Shor's Algorithm Intuition

Shor's Algorithm, formulated by Peter Shor in 1994, is arguably the most famous quantum algorithm. It solves the problem of factoring large integers in polynomial time. Since modern classical cryptography (specifically RSA) relies on the assumption that factoring is hard, Shor's algorithm represents a direct threat to global digital security.

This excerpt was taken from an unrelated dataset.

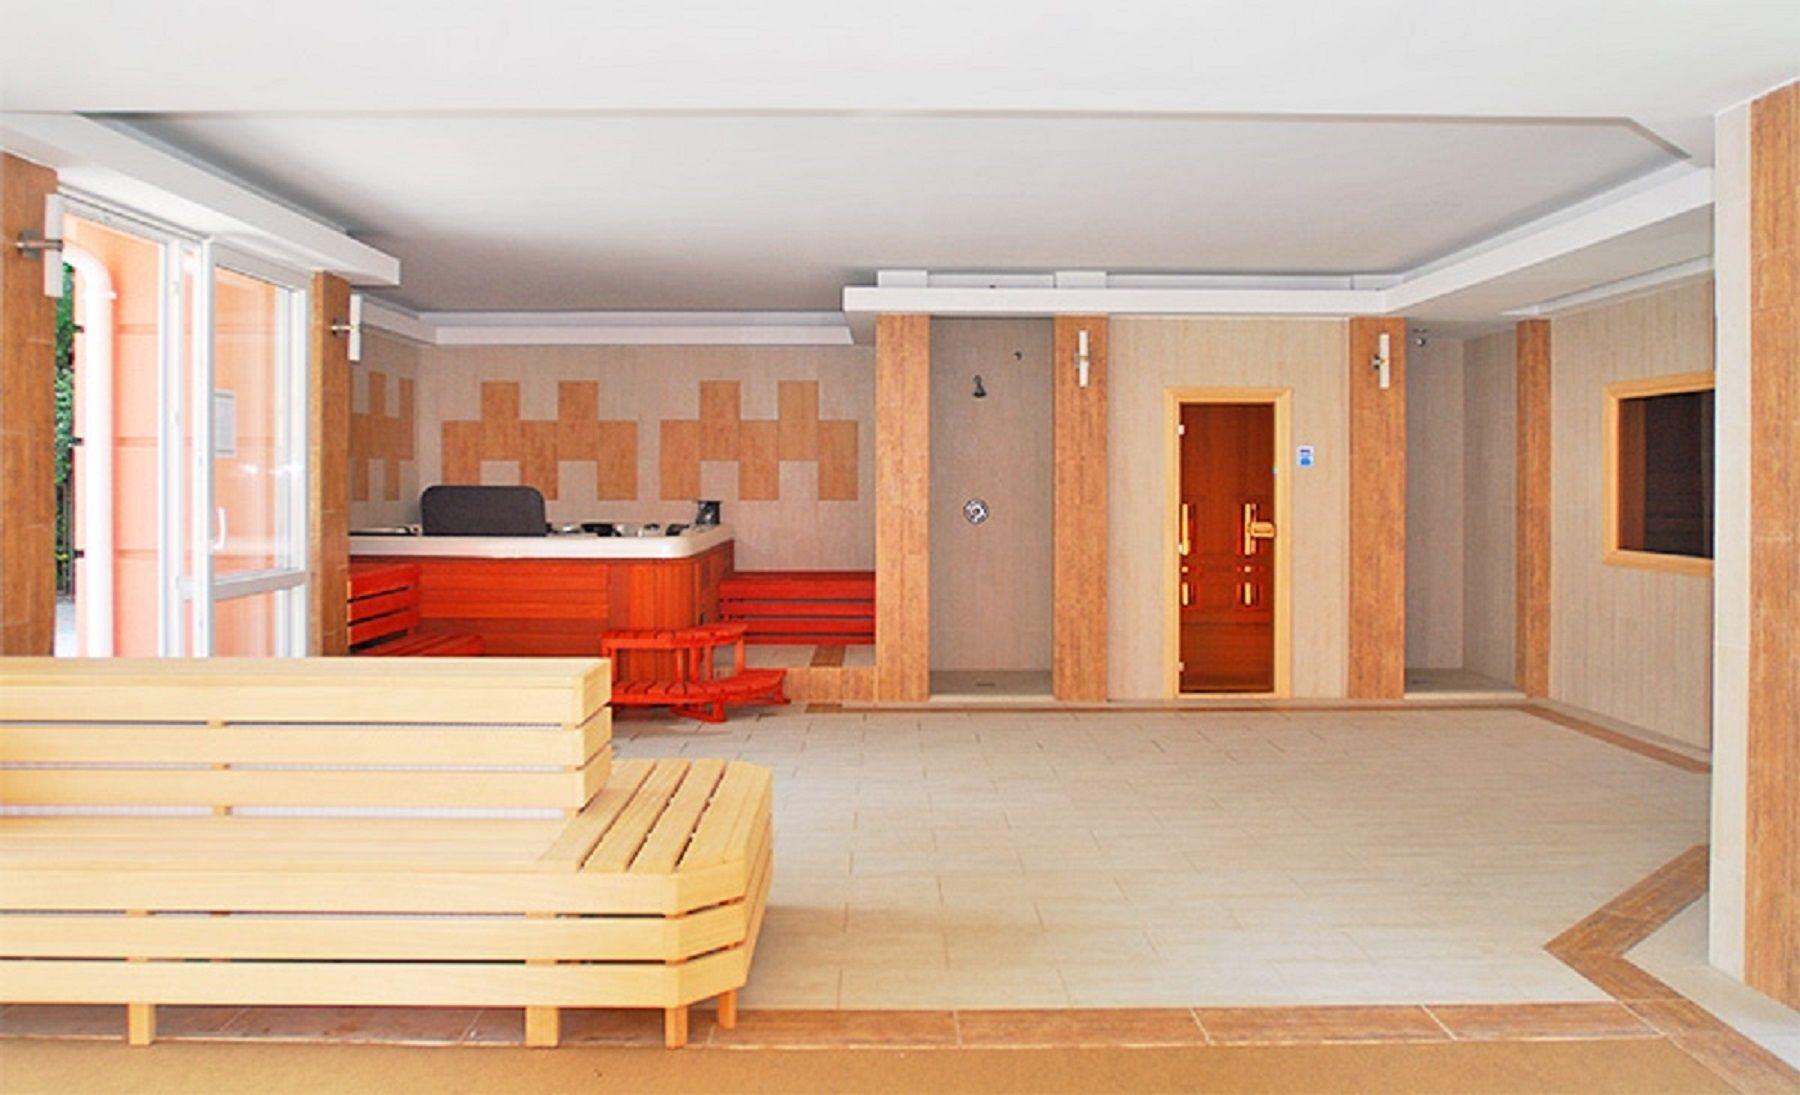 Kitti Sunny Apartmanok Hajdúszoboszló  Hotelguru ro

Imagine you are walking around a circular track with numbered stepping stones. If you take steps of a fixed size $a$, you will eventually land back on your starting stone. The number of steps it takes to return to the start is the 'period' $r$. Finding this period classically is slow, you have to keep walking and counting. Shor's algorithm uses quantum superposition to stand on all stepping stones simultaneously. By applying a modular exponentiation function and then using the QFT, the algorithm acts like a prism, splitting the quantum state into its constituent frequencies. The dominant frequency revealed by the QFT corresponds directly to the period $r$. Once we have this period, a simple classical calculation reveals the prime factors of the number.

Let $N$ be the composite integer we wish to factor. Shor's algorithm reduces the factoring problem to the problem of order finding (or period finding) using the following mathematical steps:

1. Choose a random integer $a < N$. Compute $\gcd(a, N)$ using Euclid's algorithm. If $\gcd(a, N) > 1$, we have found a factor and are done. 2. Find the period $r$ of the function: $$f(x) = a^x \pmod N$$ The period $r$ is the smallest positive integer such that $a^r \equiv 1 \pmod N$. 3. If $r$ is even, we can write: $$a^r - 1 \equiv 0 \pmod N \implies (a^{r/2} - 1)(a^{r/2} + 1) \equiv 0 \pmod N$$ This implies that $N$ shares a common factor with either $a^{r/2} - 1$ or $a^{r/2} + 1$. 4. Compute the factors using the classical greatest common divisor: $$\text{Factor} = \gcd(a^{r/2} \pm 1, N)$$

The Quantum Subroutine (Period Finding): To find $r$, we use a 2-register quantum circuit:

• Register 1 (control): $t$ qubits, initialized to $|0\rangle^{\otimes t}$.
• Register 2 (target): $n$ qubits, initialized to $|0\rangle^{\otimes n}|1\rangle$.

1. Superposition: Apply $H^{\otimes t}$ to Register 1. 2. Modular Exponentiation: Apply the unitary operator $U_{a, N}$ which maps $|x\rangle|y\rangle \to |x\rangle|y \cdot a^x \pmod N\rangle$: $$|\psi_1\rangle = \frac{1}{\sqrt{2^t}} \sum_{x=0}^{2^t-1} |x\rangle |a^x \pmod N\rangle$$ 3. Measurement of Register 2: Measuring Register 2 collapses Register 1 into a periodic state with period $r$. 4. QFT: Apply the QFT to Register 1 to extract the period $r$ from the phase frequency. 5. Continued Fractions: Use the classical continued fractions algorithm to reconstruct the exact integer $r$ from the measured phase.